My preferred answer is B, especially if it is used in conjunction with a code coverage tool that ensures that you test suite will always hit the (invalid) call to Value() (with contract checks turned on, of course). The reason that this works is that the question I asked was NOT "What should the behavior of Value() be if it is called when IsPoint() is false?" That case will only show up in the atypical situations, and so typically won’t be hit in customer testing. The contract is that the customer must validate that the HappyPathPoint truly represents an isolated point before calling Value(), even if the HappyPathPoint happens to be an isolated point. This ensures that the client code is correctly written, even if none of its test cases hit the atypical case.

For those of you who speak C#, you should see similarities with the 'nullable' class that allows one to wrap a value class up into something that can be tested against null. As with nullable, the compiler will warn you if you try to use a HappyPathPoint where a Point is expected. HappyPathPoint is more powerful than nullable, however: nullable doesn’t protect (as a contract check) against an untested call to Value(), and it doesn’t provide an alternative answer.

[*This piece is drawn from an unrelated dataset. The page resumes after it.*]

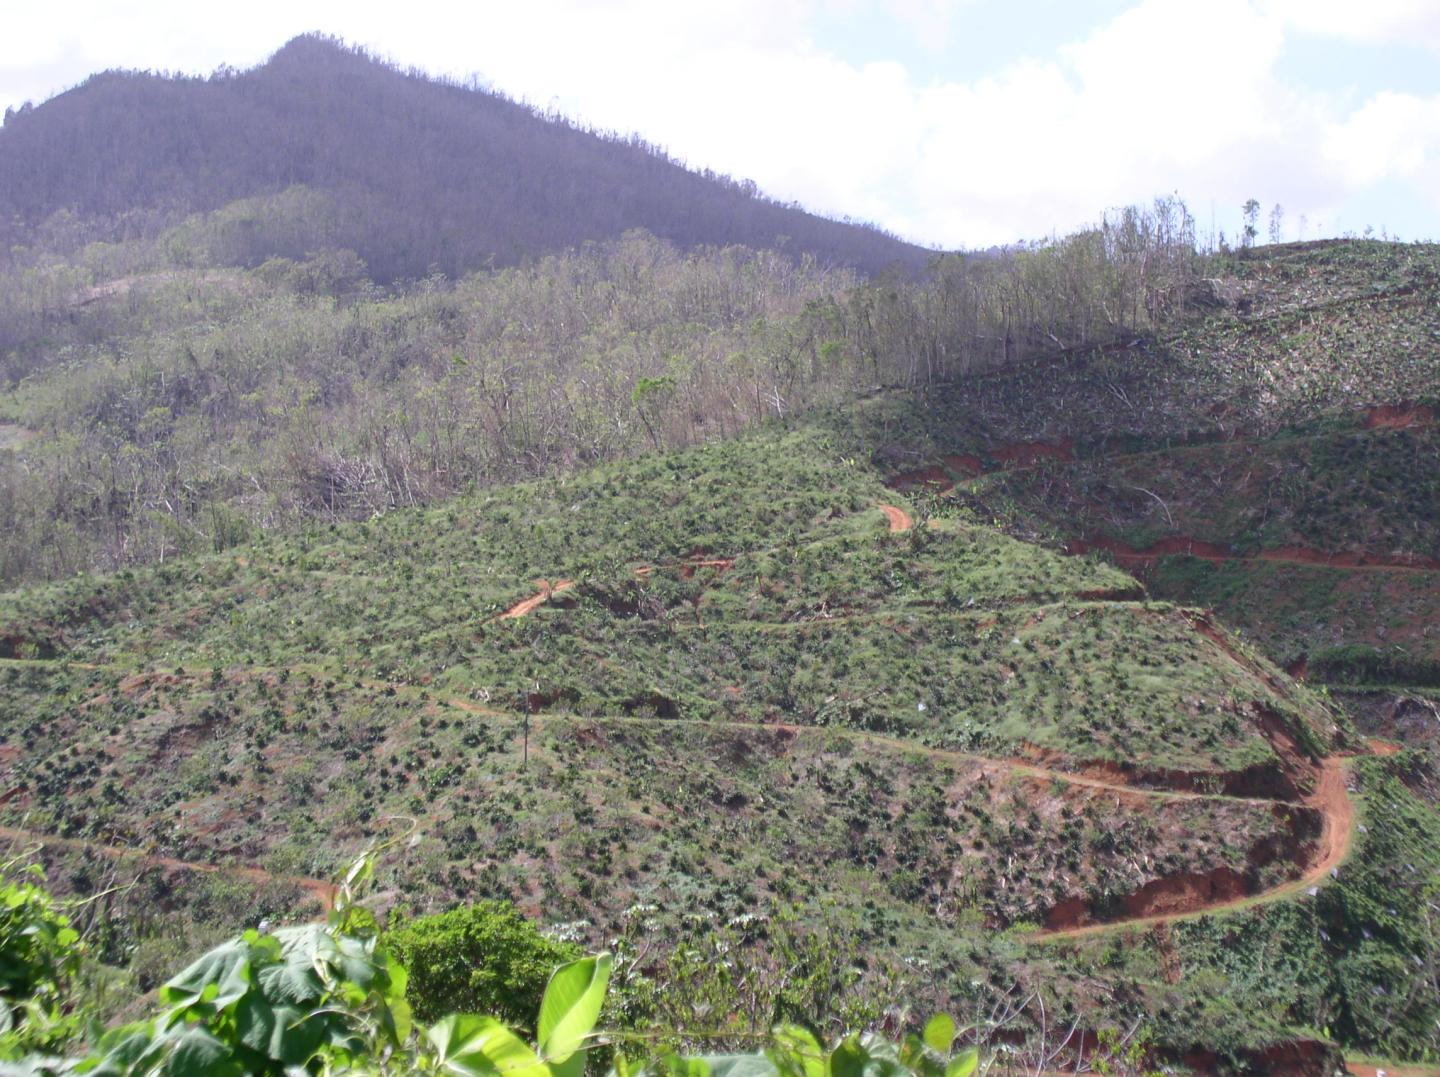 Coffee farm and forest destruction after hurricane María in Utuado, PR.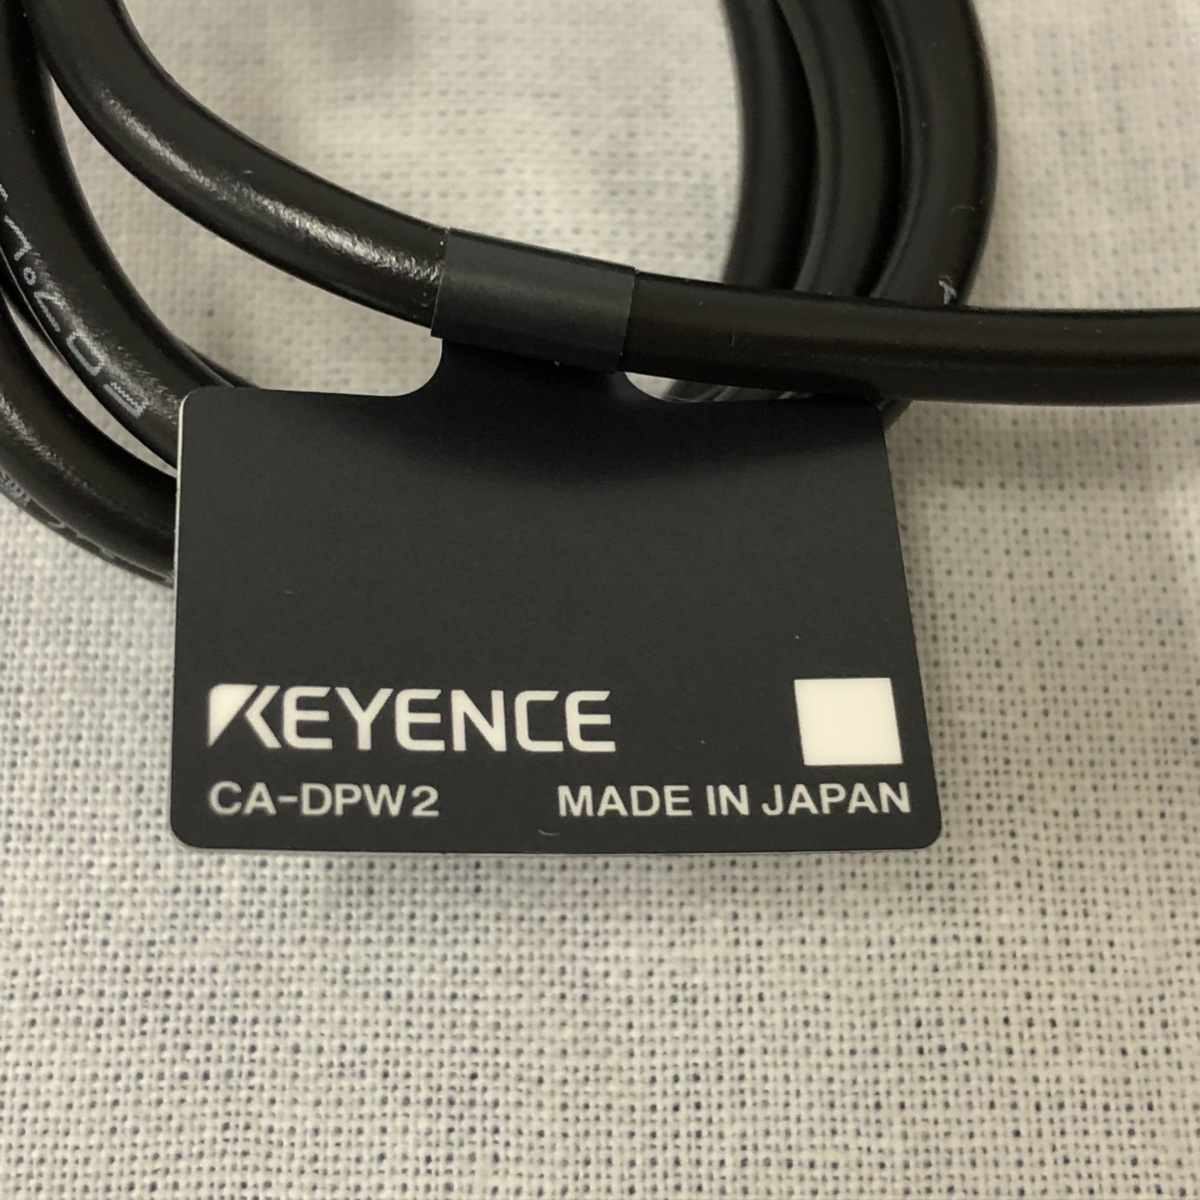 KEYENCE 画像処理システム XG-8000シリーズ XGシリーズ用デジタル高速500万画素白黒カメラ XG-H500M CA-DPW2 CA-DPU2  WD110 2.0X

I hope that I’ve convinced at least someone out there that this is a good idea. I don’t think it’s overly burdensome, and it makes the subtlety obvious in the interface. It is important not to adopt this idea as a one-off, however – if you’re going to use it, it should be implemented uniformly across your interface. The code snippets above are just an example; an interesting thing to try might be to write a HappyPath template class.

The last thing I want to say is that we’ve been thinking about this idea for years, and still don’t have a good name!! Any ideas for a better one? 'PointCandidate' maybe?